Oct 12, 2014 02:18 AM EDT
In recent years, when booming robotics engineering has provided the world a way to traverse nearly all unbearable terrains including space, the sandy surfaces of desert dunes and beaches have often provided an unscalable feat for researchers. A granular substrate, which moves like fluid, sand is a particularly challenging terrain for most species, which is only one reason why so few species inhabit the desolate deserts. But in looking for a way to make it through the sandy slopes, researchers looked to the snake species of the deserts to create a sidewinder rattlesnake robot that could slither its way through the sand.
Developed by a team at Georgia Tech, researchers recently described their findings in this week's issue of the journal Science, which tested a robotic snake look-alike to the real thing. Running both real and robotic snakes through identical sandy obstacle slopes, the researchers were able to view the sidewinder rattlesnake's movement in an entirely new light, shedding insight on how to harness that movement to make robotics even better.

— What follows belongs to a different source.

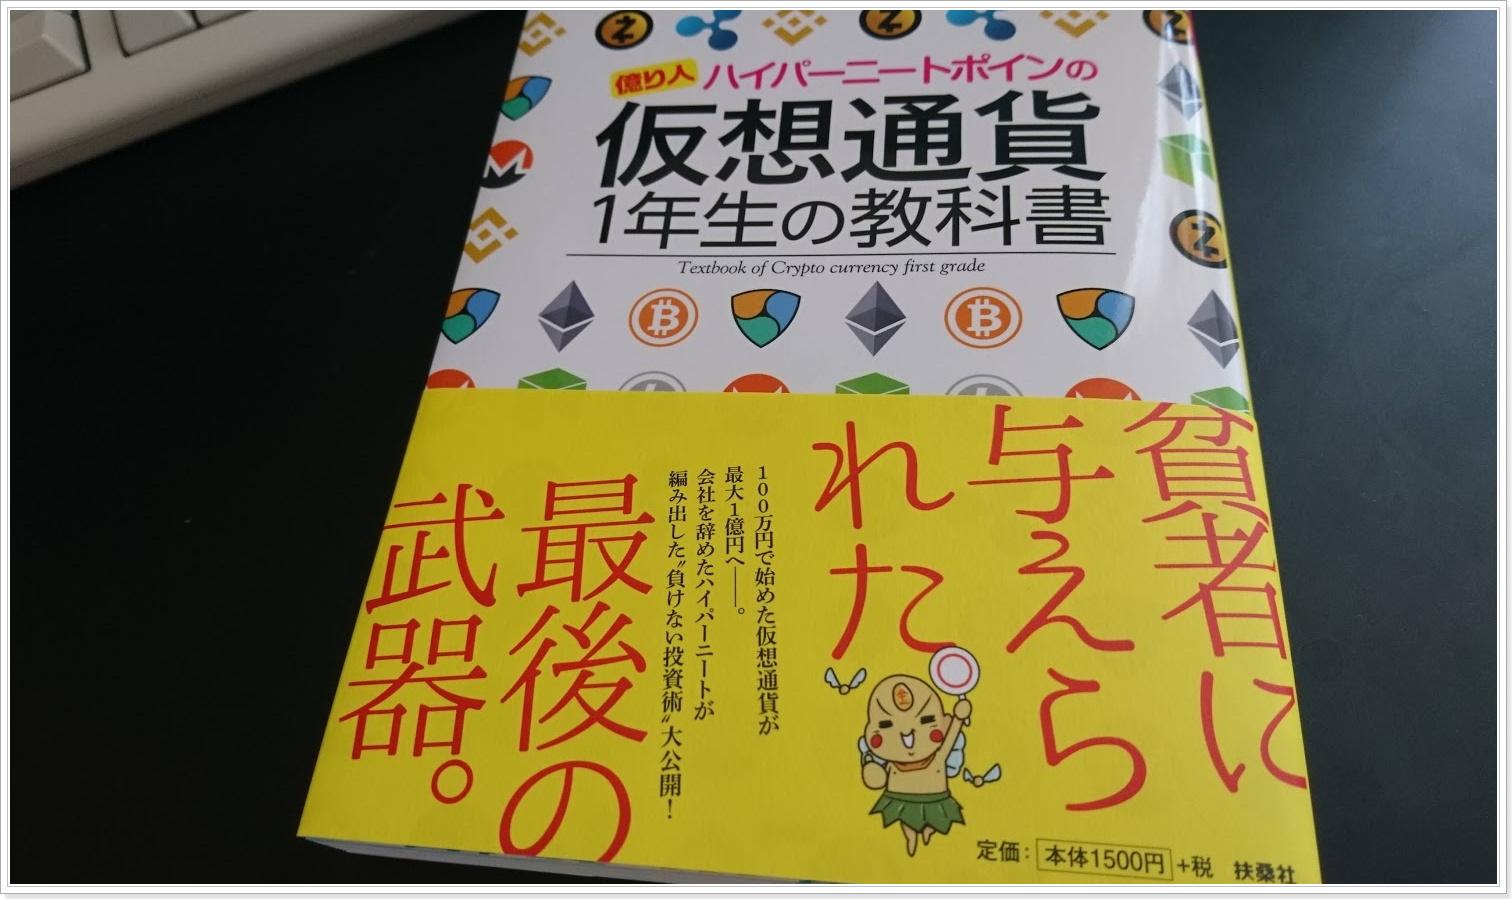 ポイン氏著「仮想通貨1年生の教科書」感想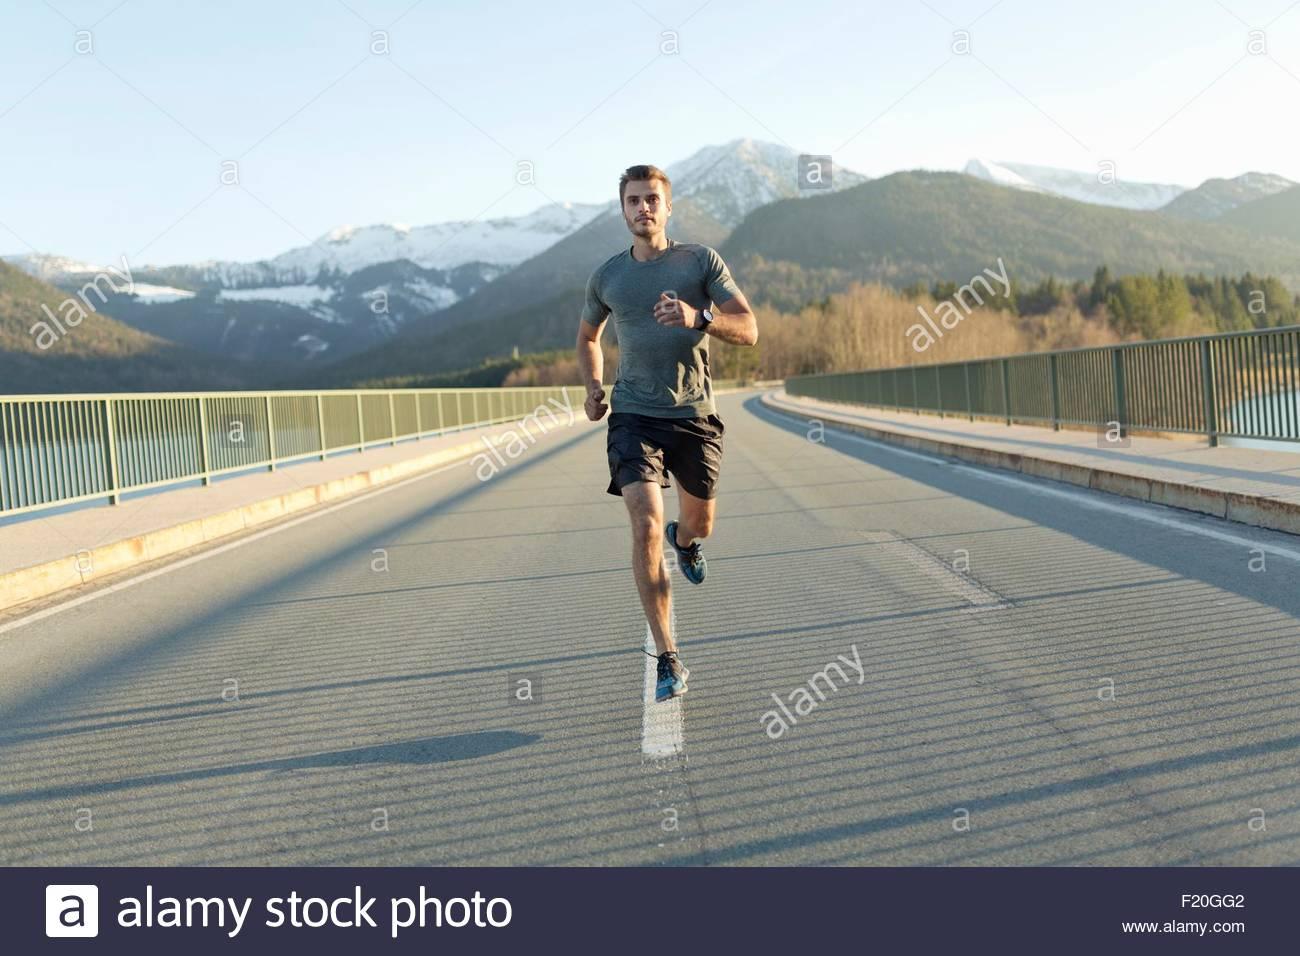 Joven, corriendo en la carretera, las montañas detrás de él, vista frontal Imagen De Stock

The species Crotalus cerastes, known commonly as the sidewinder rattlesnake, is a staple of northwestern Mexico and the southwestern United States. Masters of the deserts, the sidewinder is an unconventional slitherer in comparison to its other snake relatives. Rather than a fluid, straightforward slither that propogates movement forward with the contractions of the snake's outer muscles, the sidewinder pulls itself forward and over hot dunes by leverage parts of its body in a zig-zag movement.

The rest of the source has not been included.